Sen3 Sen trzeci to swiadomy sen. Niezbyt dlugi, trwajacy moze z 20s. Zachwycalem sie w nim stabilnoscia stworzonego swiata, i... lustrem :) Dziekuje przy okazji wszystkim oneirowiczom za zaprogramowanie mi ciekawej sugestii, bo tego lustra to sie zwyczajnie w tym LD przestraszylem :( Od razu gdy do niego podszedlem, lustro wykrzywilo sie i odbilo slonce tak, ze jego blask az mnie zabolal. Nastepnie poczulem bardzo nieprzyjemny slony smak (wlasciwie to ja go bardziej slyszalem niz czulem, dziwne to bylo), no i lustro falowalo tak jak woda gdy rzuci sie w nia kamieniem... Nawet po obudzeniu sie bylo mi niezbyt przyjemnie :/
Sen4 - wywolany nieprzyjemnym uczuciem po spotkaniu z lustrem ;) Okoloziemska orbita - prom challenger powraca wlasnie z ksiezyca. Na statku panuje wesola atmosfera. Wszyscy ciesza sie, ze juz niedlugo beda z powrotem na ziemi. Nagle nawigator postanawia wyprobowac nowy silnik antygrawitacyjny, zakrzywiajacy czasoprzestrzen. Mialo to by miec za cel przeteleportowanie promu przez atmosfere, aby nie ryzykowac awarii w oslonach termicznych na zewnatrz statku. Nawigator komunikuje o tym zalodze, astronauci sa jednak w wiekszej czesci przeciwni. Mowia, ze lepiej bedzie gdy przedyskutuje sie to z kontrola lotow w NASA. Nawigator pozostaje jednak nieugiety.

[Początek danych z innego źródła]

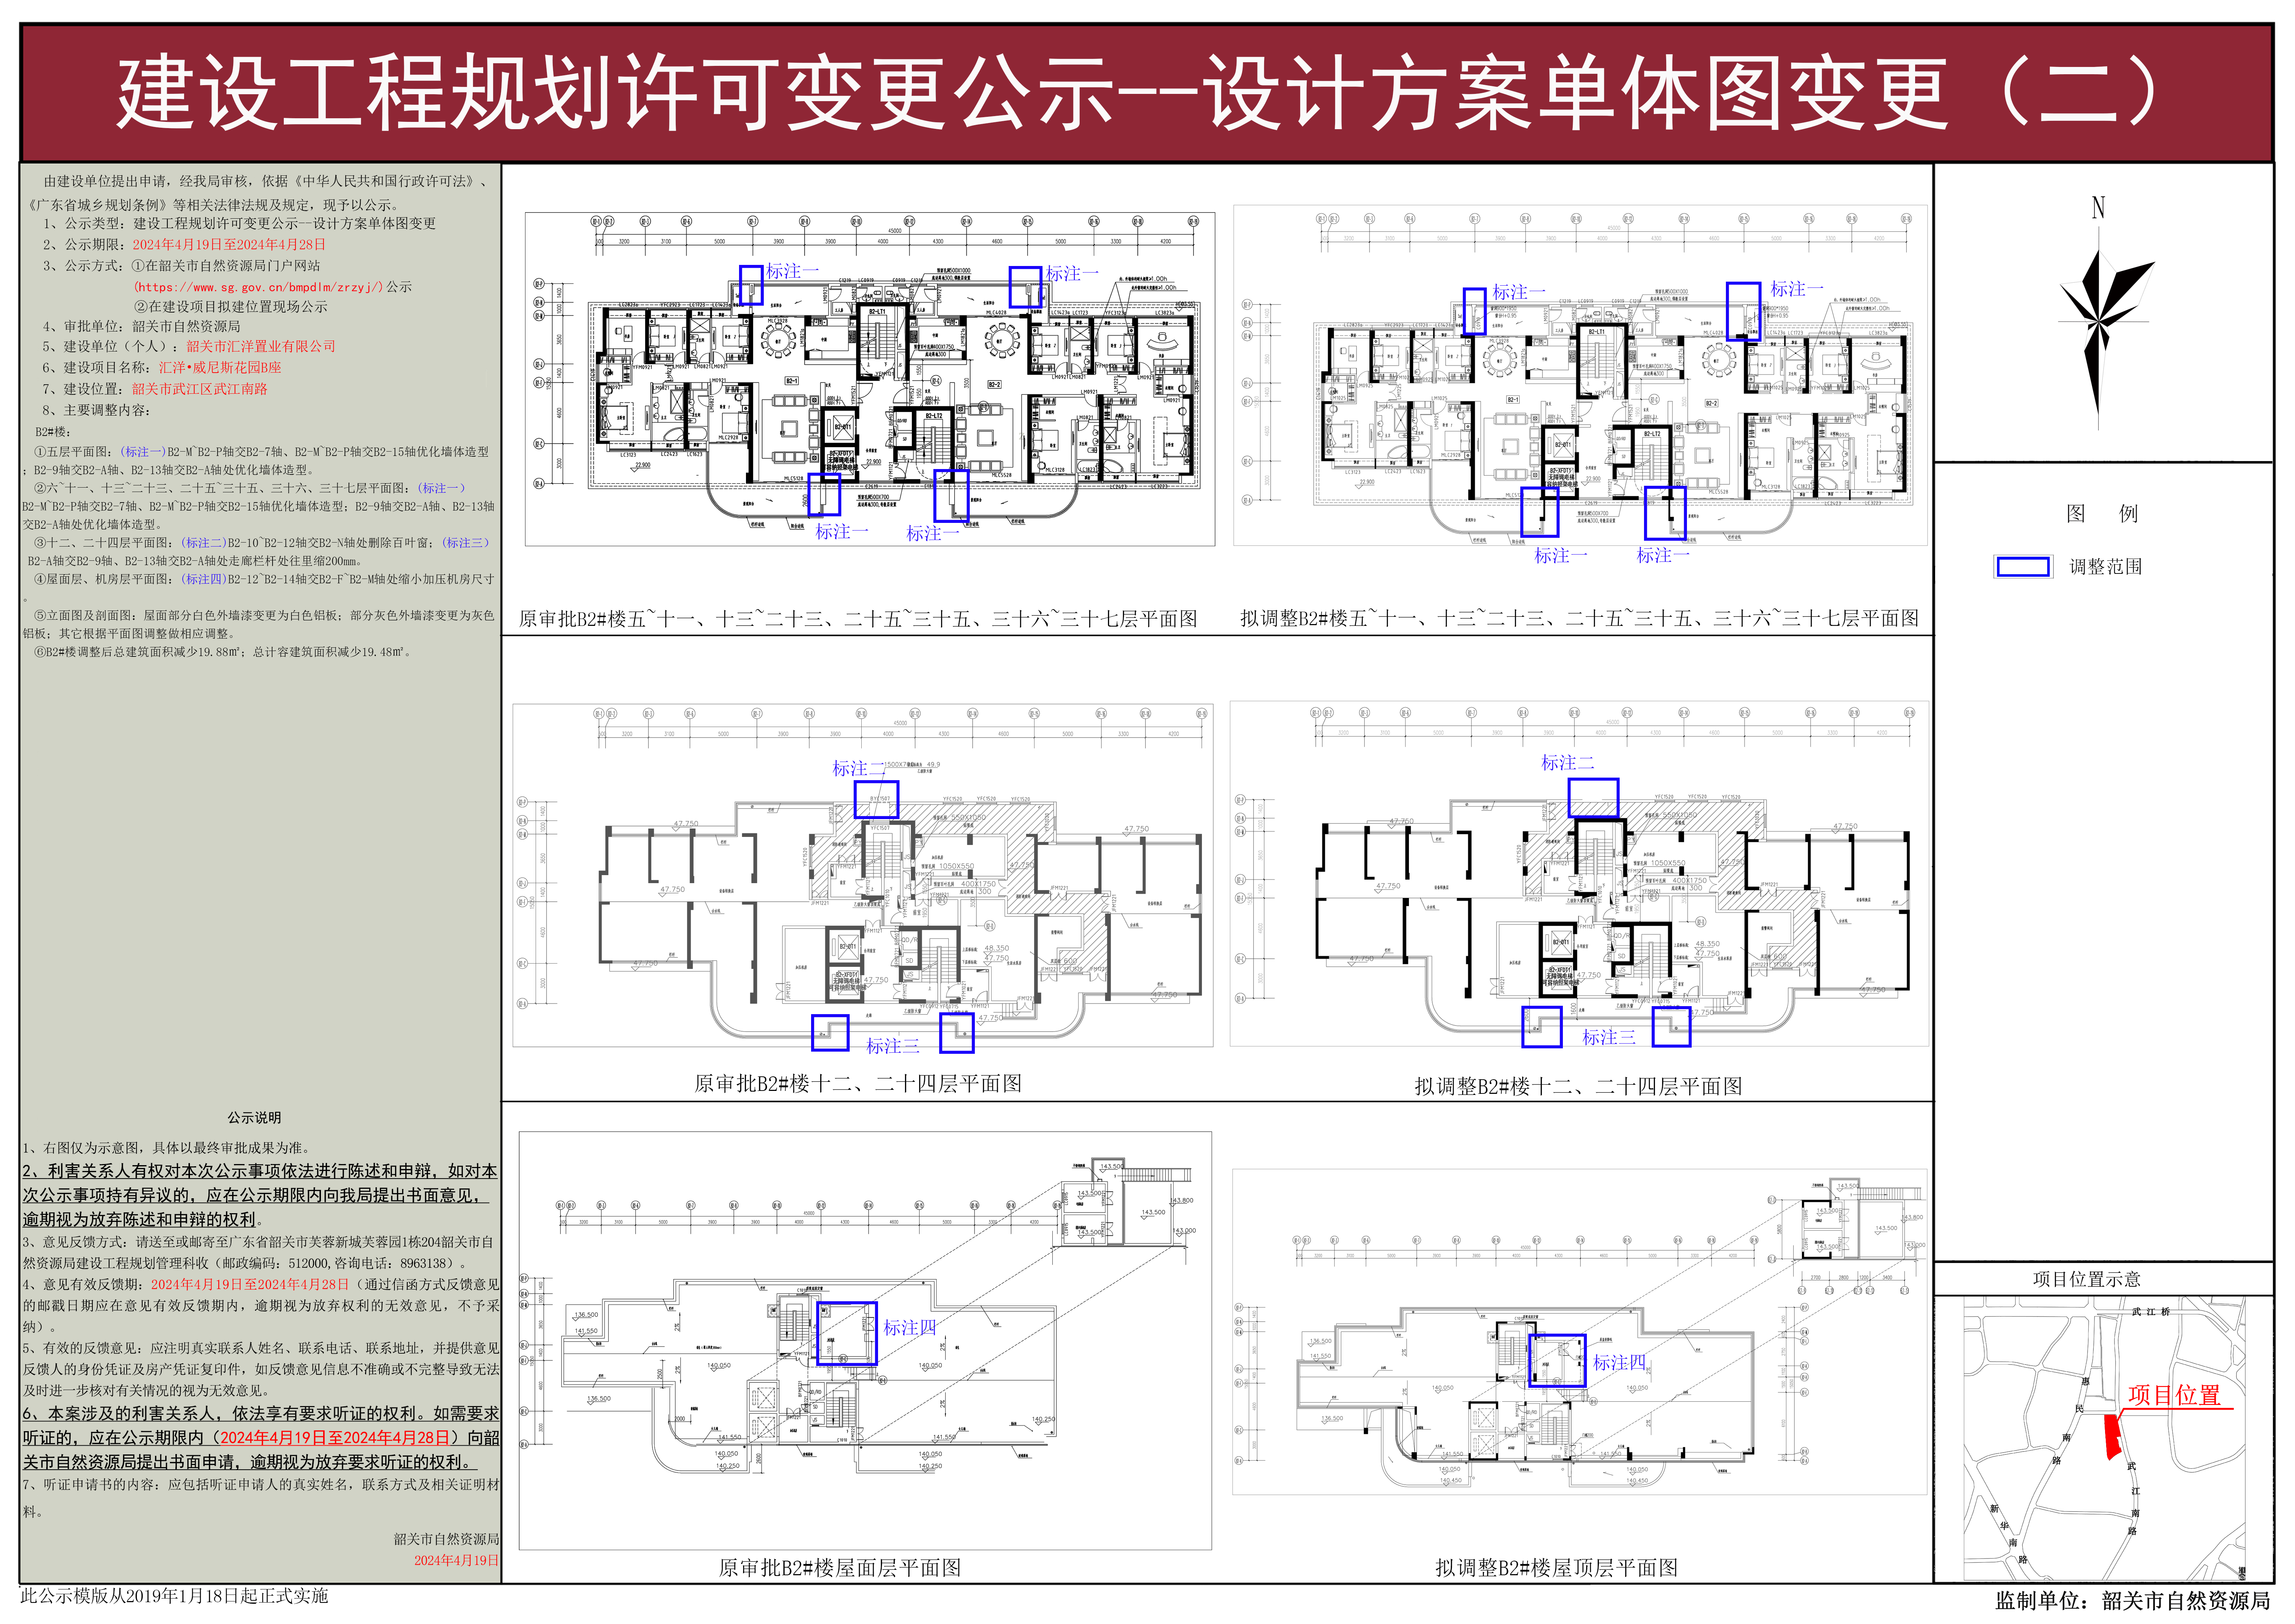 02汇洋&bull;威尼斯花园B座建设工程规划许可变更公示--设计方案单体图变更 .jpg

Zaciaga sie papierosem Marlboro, z narysowanym ksiezycem (chyba specjalnie wyprodukowanym dla NASA :P), i kieruje do gory wajche z napisem "Turbo".... Nie informujac przedtem kontroli lotow.... bzzzzziummmmm.......tszzzzzzz........ppppp........rrrrrprprprprp....bzium. ;) tszzzzzz.......;) nagle jakas glutowato-plazmowata ciecz wlewa sie do statku. Przechodzi przez sciany, w ogole przenika przez materie. Widac ze jest to jakis humanoid. Niski, 160cm. Lysy, podobny do czlowieka... ale ma wielkie zapadle oczodoly. I taki obslizgly, przezroczysty... Przenika przez sciane, i zachodzi od tylu kapitana. Morduje go, duszac tego bogu ducha winnego czlowieka za szyje. Nastepnie zabija nawigatora - przeszywa go sztyletem, ktory uformowal sie z jego ramion, wygladajacych jak plynny metal... okropnosc.

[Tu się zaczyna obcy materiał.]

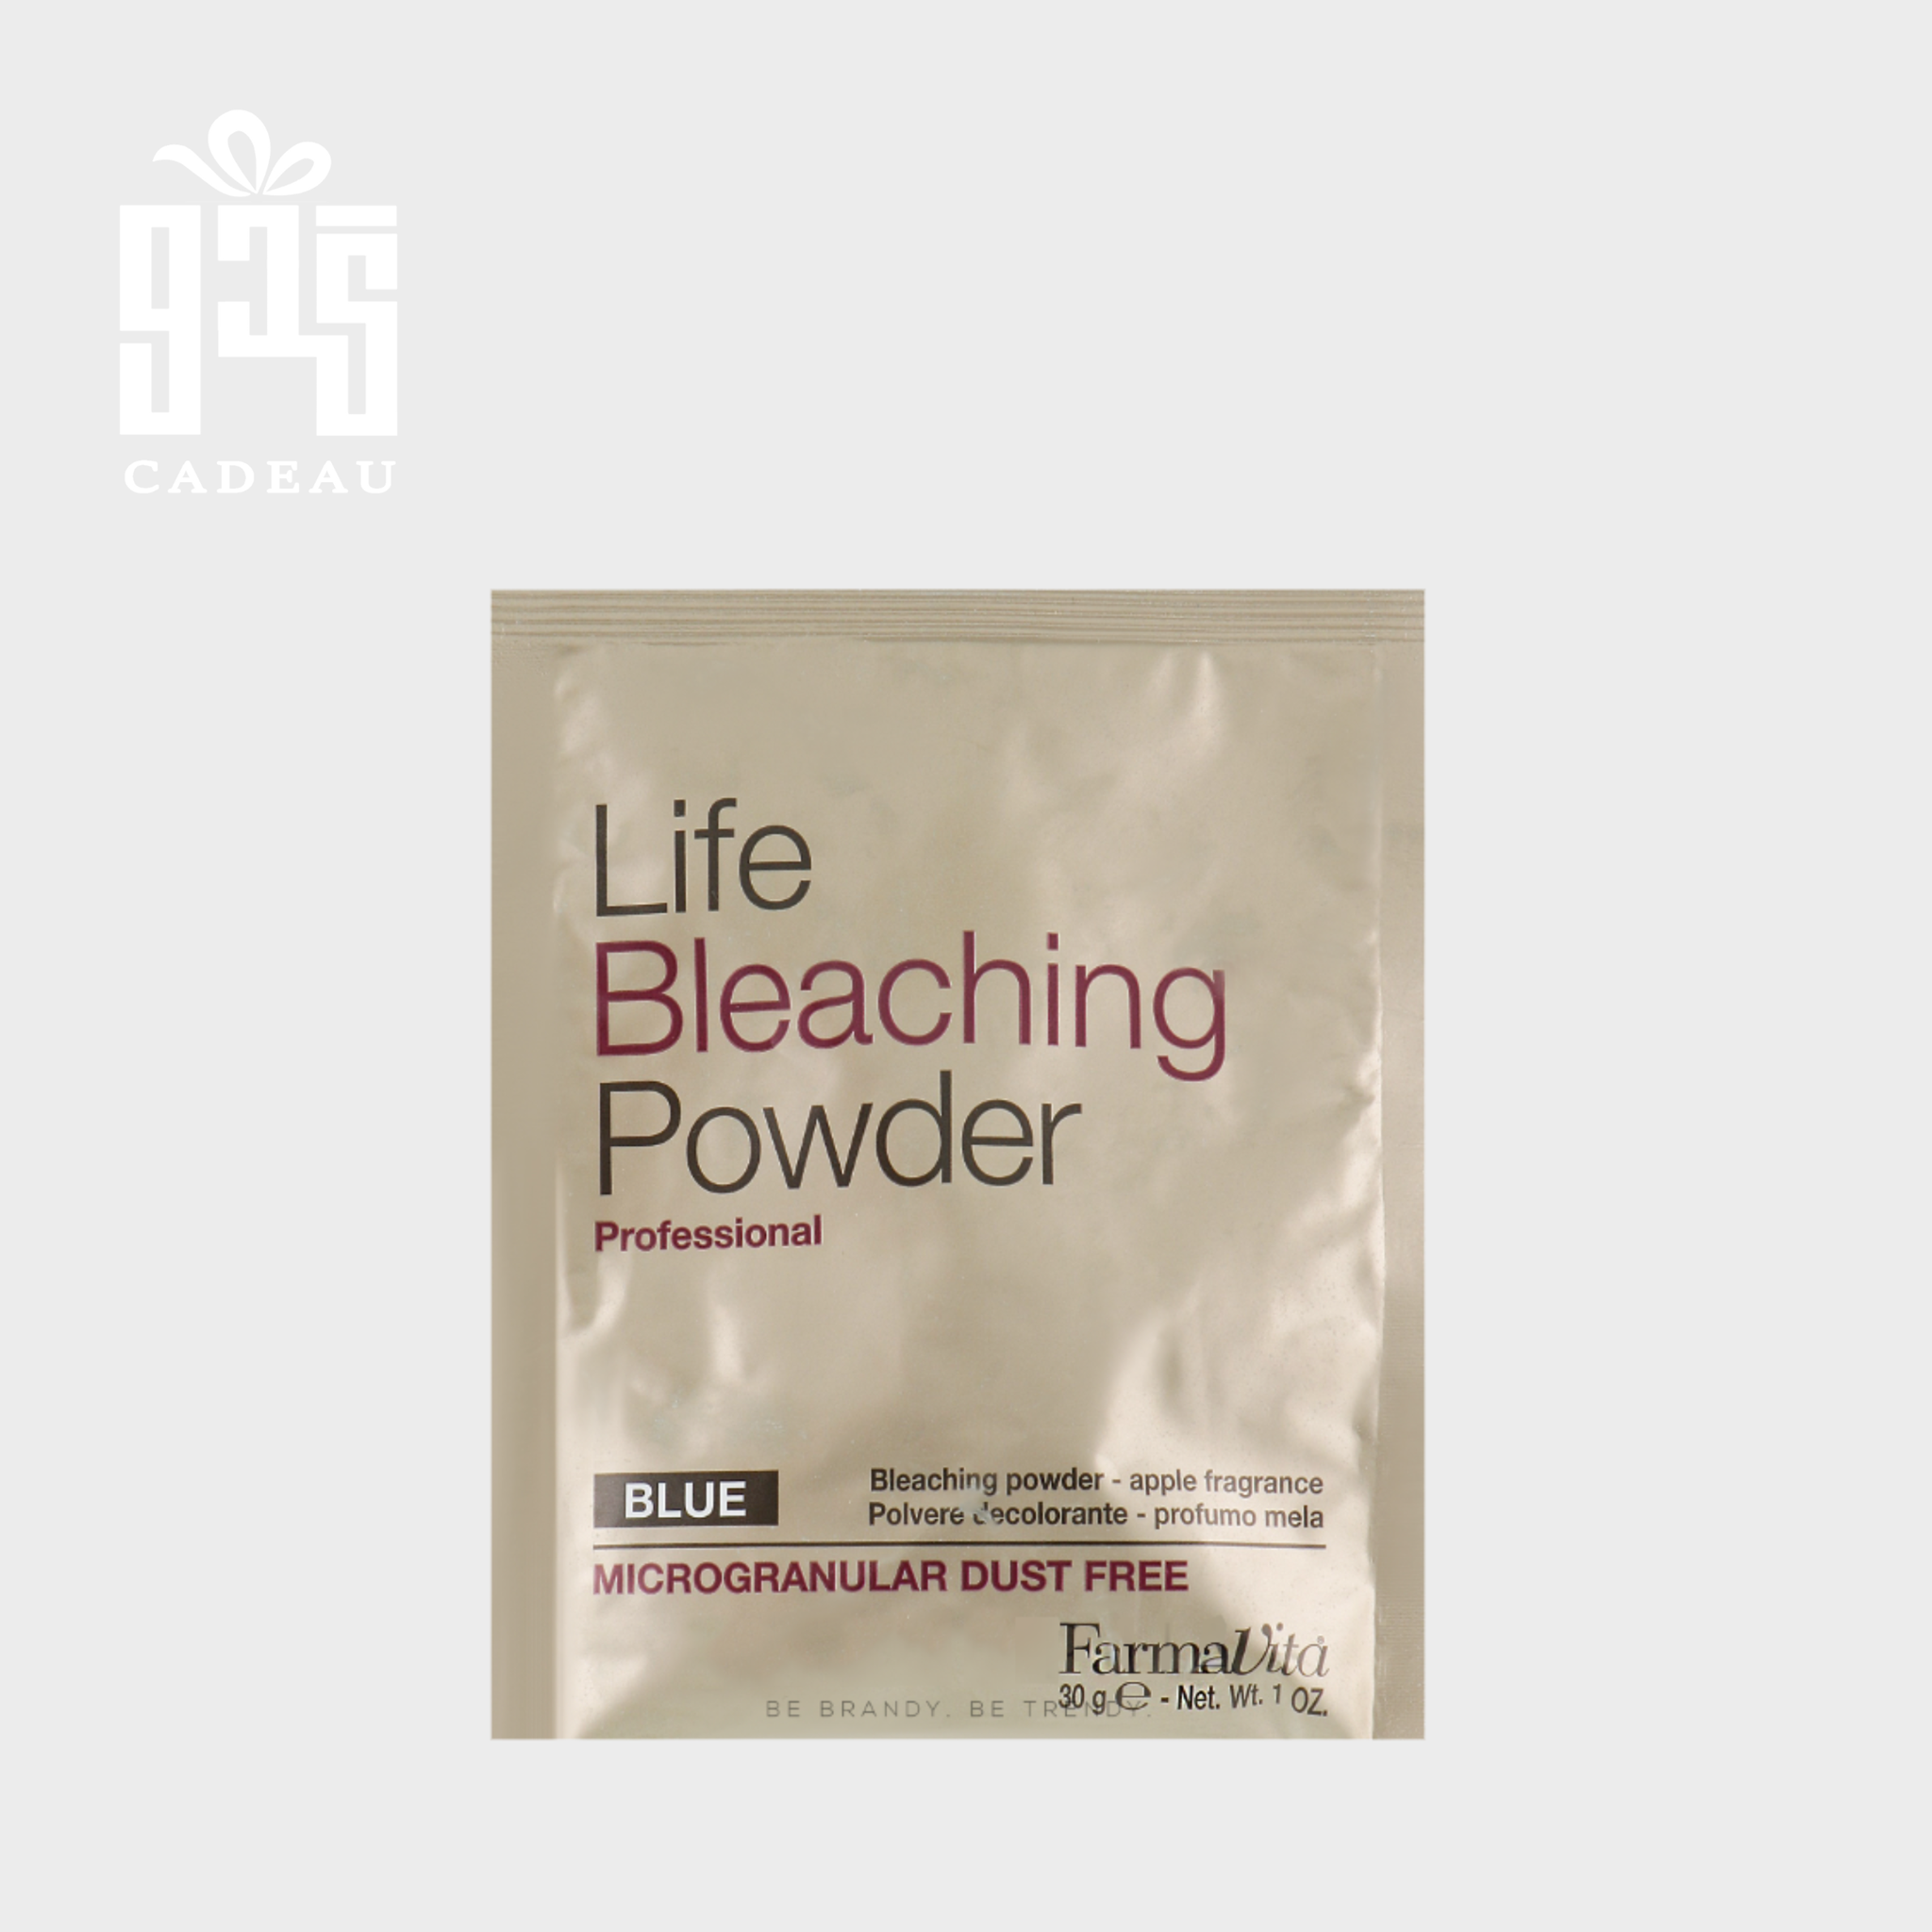 صورة المنتج بودرة Life Bleaching powder  لتبيض الشعر

Caly ten sen byl ogladany przeze mnie z boku, jakby z przekroju statku. W chwili gdy byl mordowany kapitan, w drugiej czesci statku rozmawiala ze soba para zakochanych. Wiedzieli oni o nadchodzacej smierci. Meczyzna mowil do kobiety: pozostaje ci tylko czekac, i patrzec jak nas morduje.
I jeszcze jedno: mialem uczucie ze ogladam serial TV, nawet z wujkiem komentowalem wyglad obcego :PPP
> Ciekawe ze za kazdym razem gdy puszczalem sny w trans >ladowalem sie w ta pusta ciemnosc - teraz mi przyszlo na mysl >ze gdybym sie w niej zatracil to bym stracil na 100% swiadomosc - >moze wiec w ta pustke zapadamy zasypiajac, czy pomiedzy snami? > >Poziom energii mi sie tak podniosl ze spac teraz nie a medytowac:)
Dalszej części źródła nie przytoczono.